## Problem
Copy the lines below exactly, starting at the one with "Animated Kyouki Vol." and ending at the one with "gathering of nations logo 2019", and leave out any picture.

··· Supplied records

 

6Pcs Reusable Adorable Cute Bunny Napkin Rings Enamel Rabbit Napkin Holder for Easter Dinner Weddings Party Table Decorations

······
··· Supplied records

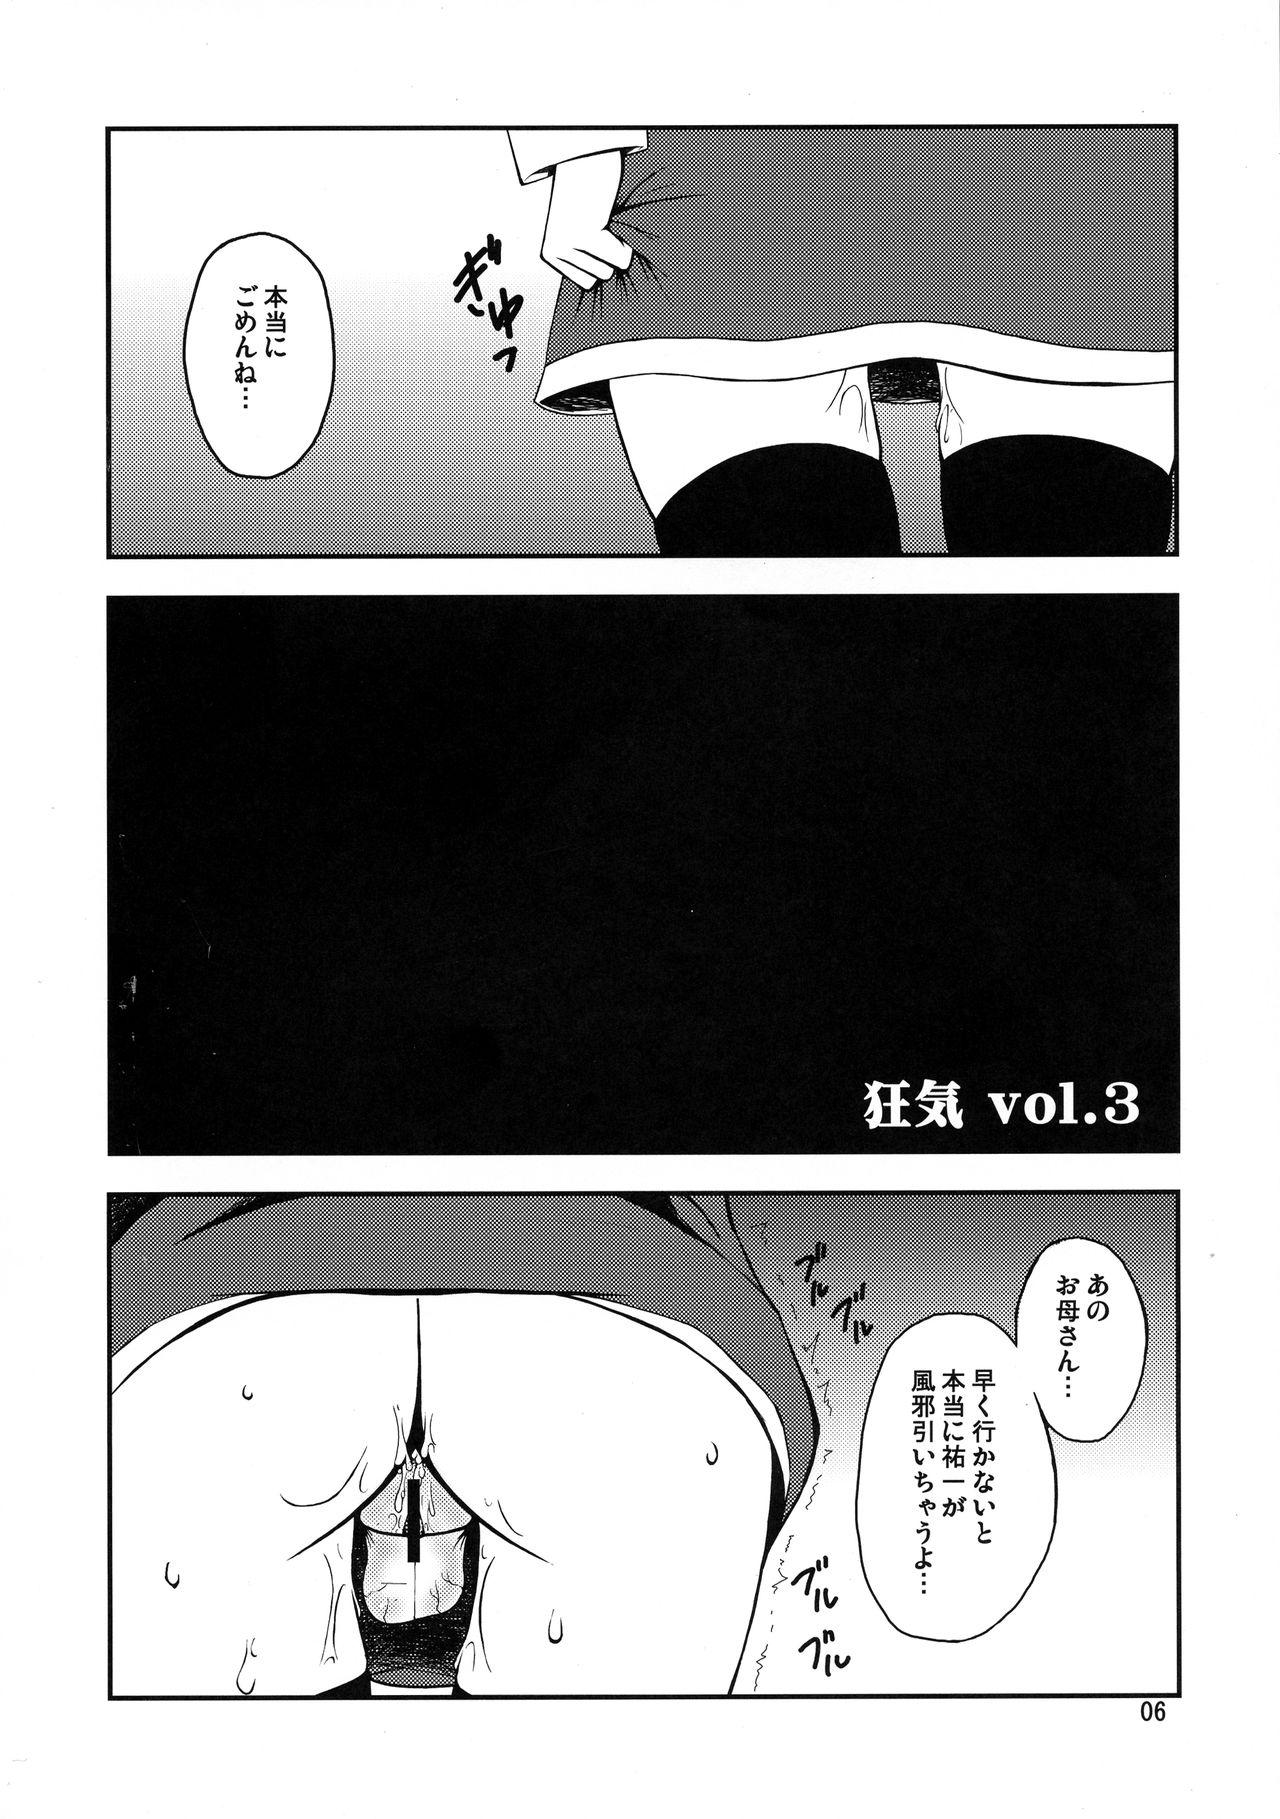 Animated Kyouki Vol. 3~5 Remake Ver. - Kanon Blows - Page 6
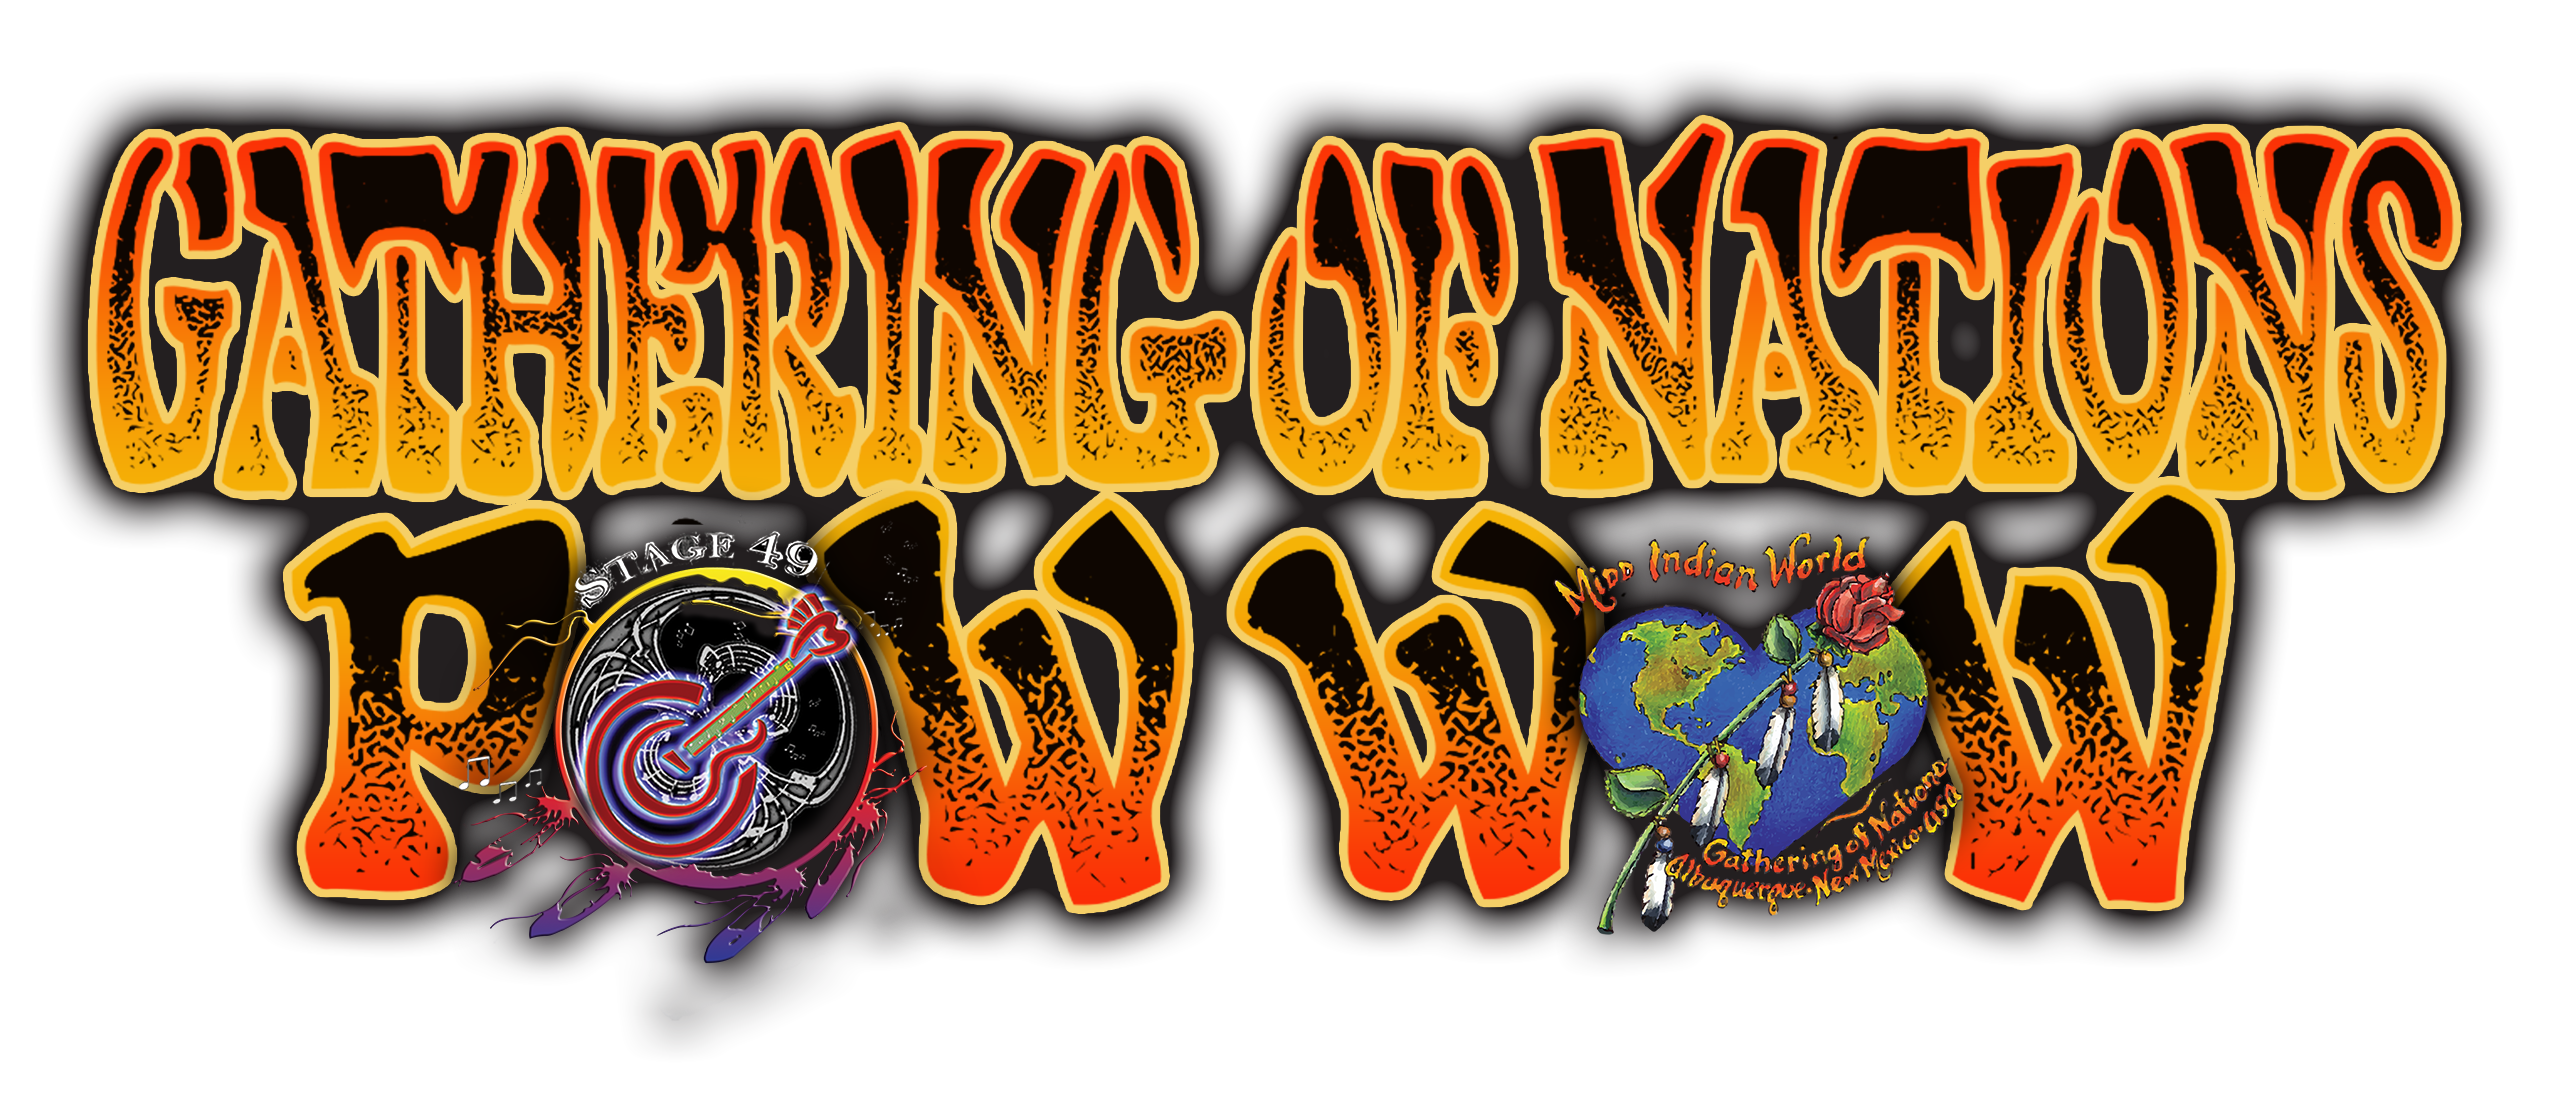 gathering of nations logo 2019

······

## Exercise response
 Animated Kyouki Vol. 3~5 Remake Ver. - Kanon Blows - Page 6
 gathering of nations logo 2019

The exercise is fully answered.